→ **What to work on**: Exactly as written, set down each line of the data below except its pictures.

→ **Given material**:
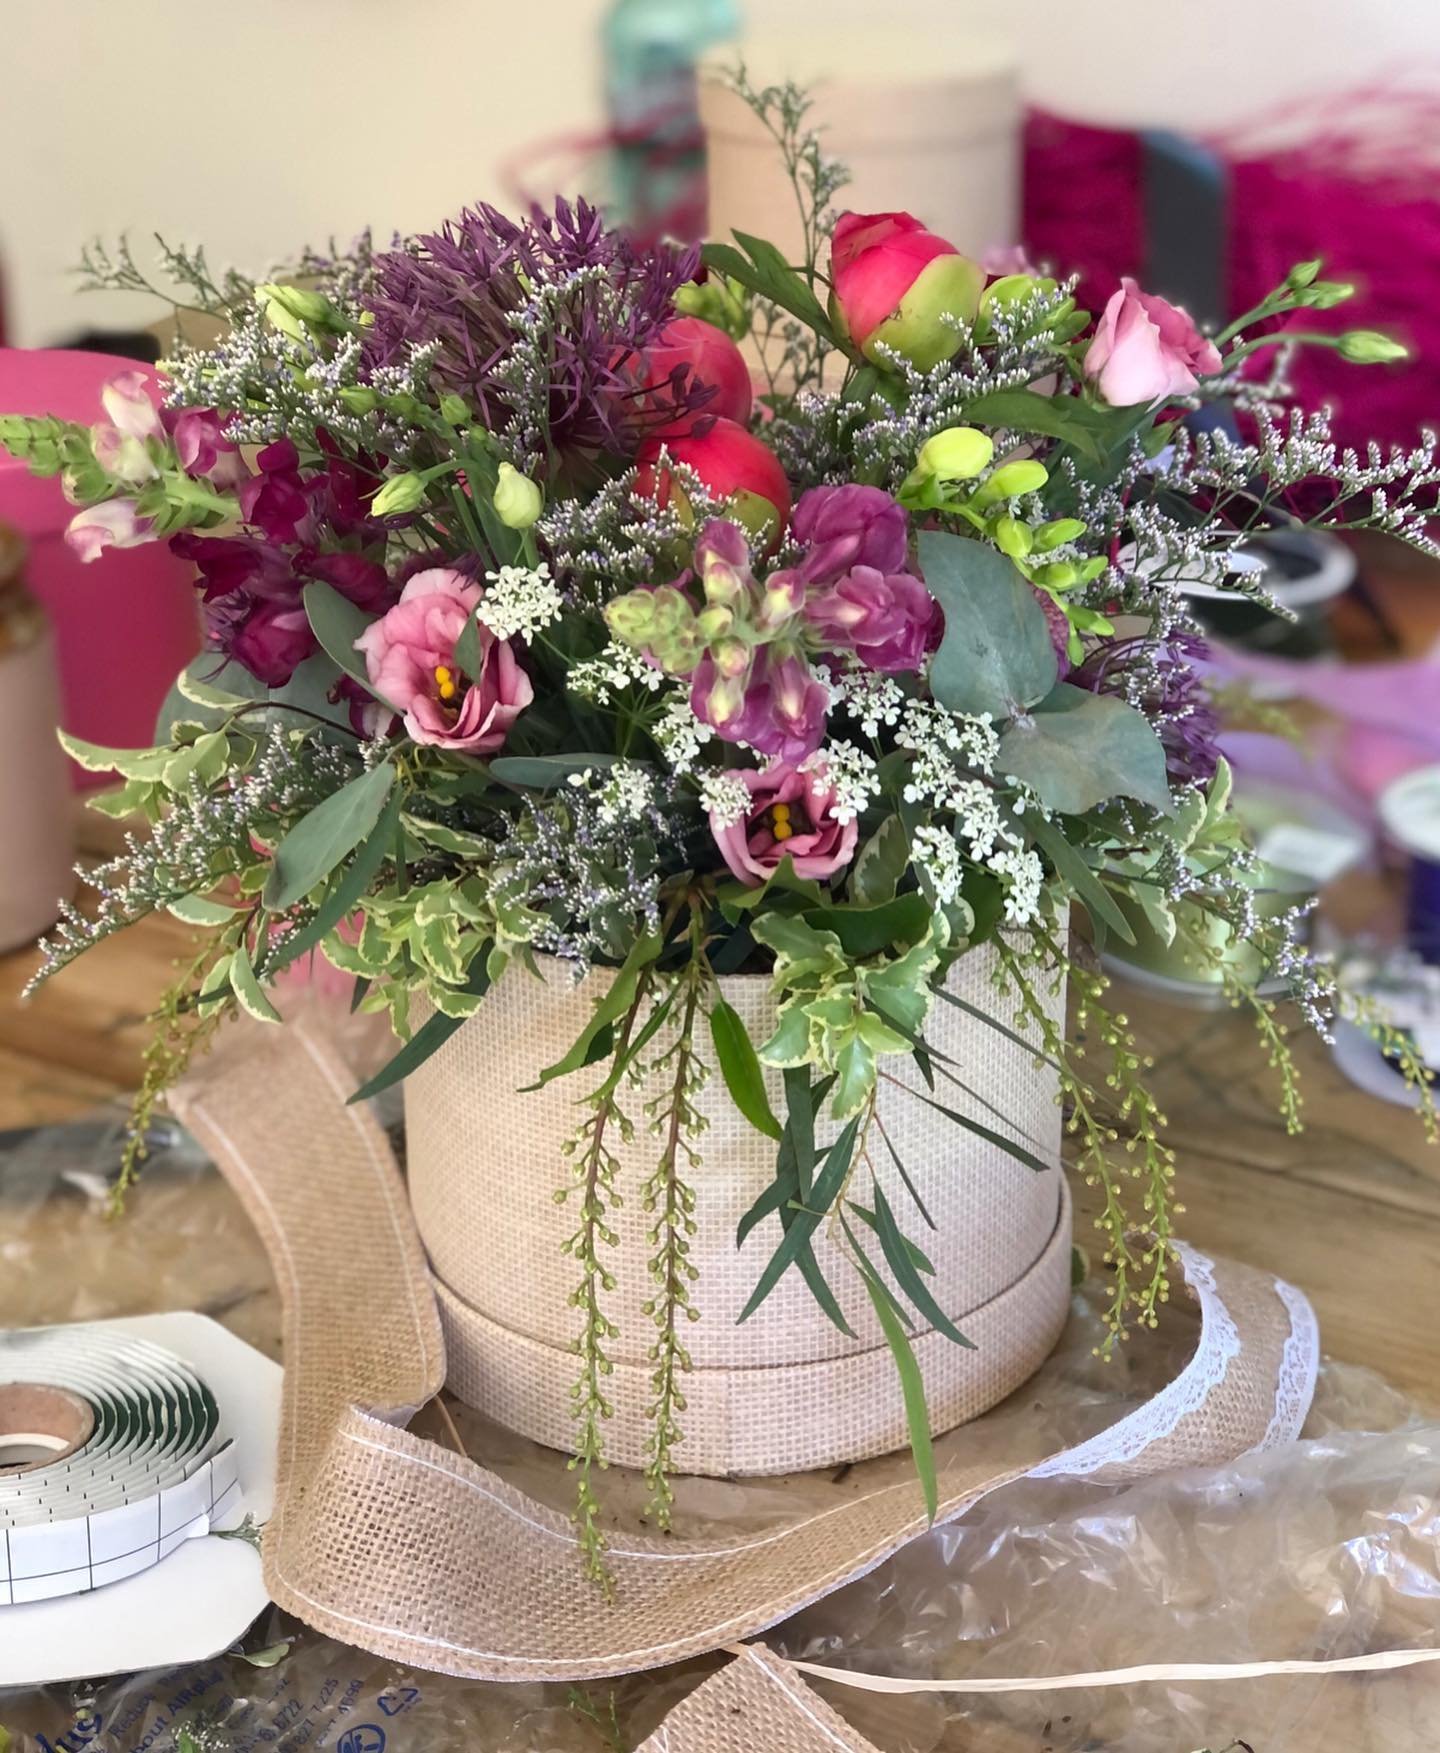 What a lovely morning creating hatbox designs in our workshop .. very thankful that the sun came out! 🌿🌸

More classes can be booked via our website - visit Bio &amp; select Floral Craft Workshops 🌿🌸
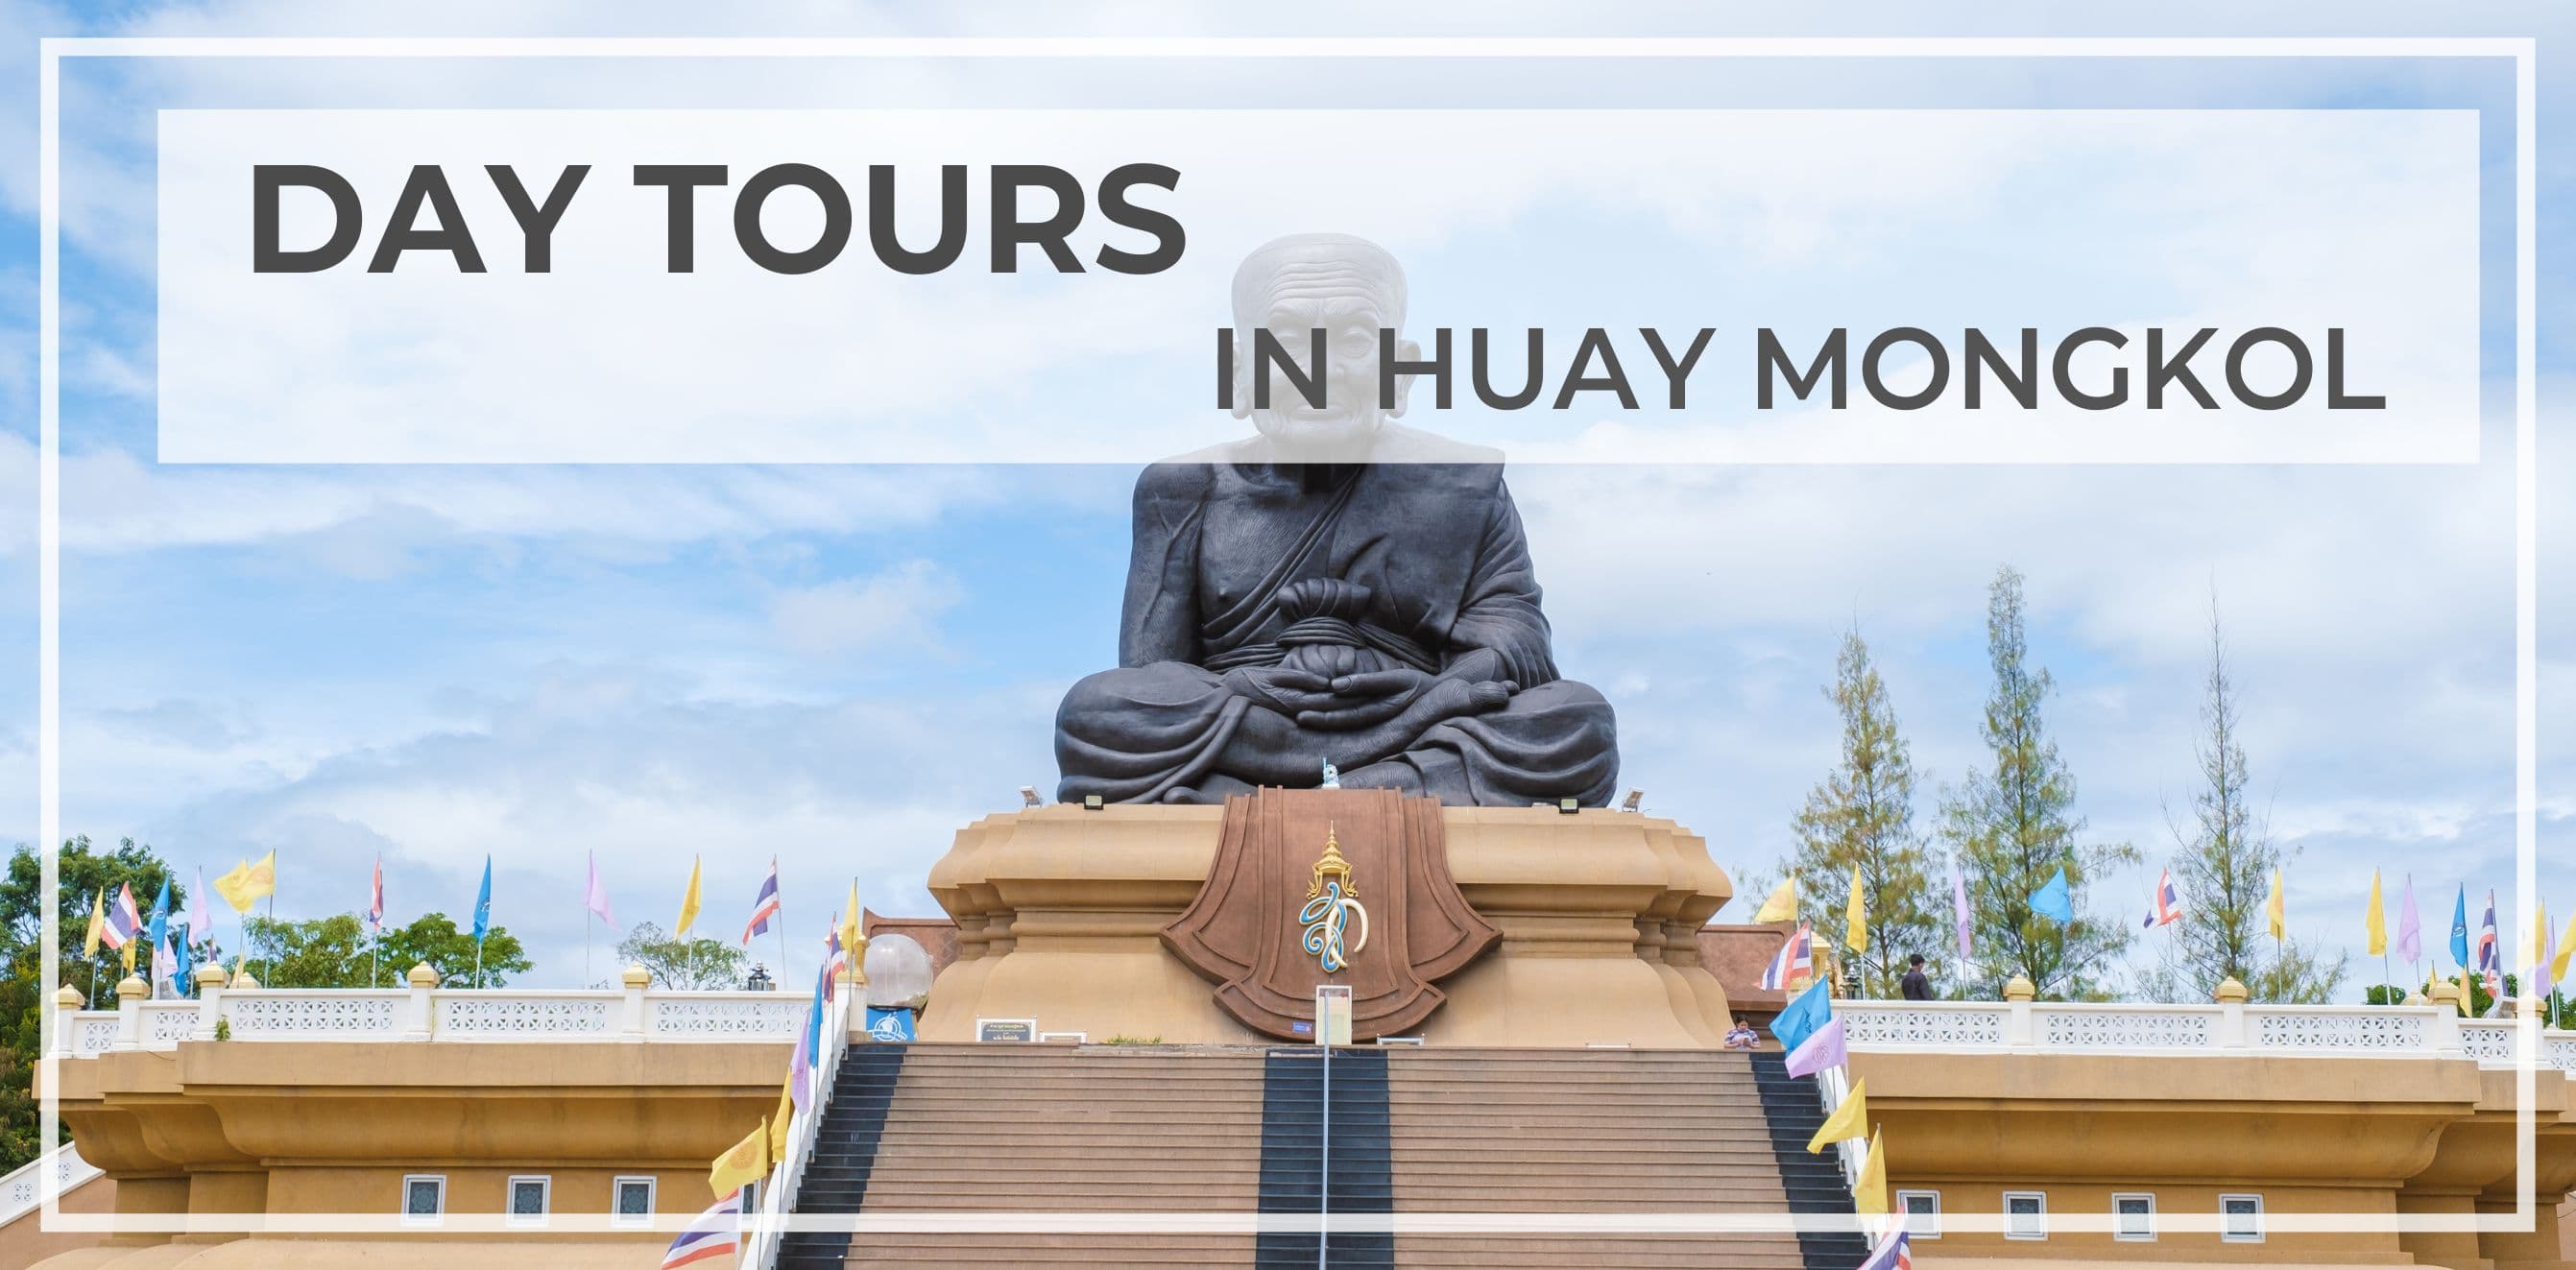 ONE DAY TOURS IN HUAY MONGKOL

→ **Solution to the problem**:
 What a lovely morning creating hatbox designs in our workshop .. very thankful that the sun came out! 🌿🌸

More classes can be booked via our website - visit Bio &amp; select Floral Craft Workshops 🌿🌸
 ONE DAY TOURS IN HUAY MONGKOL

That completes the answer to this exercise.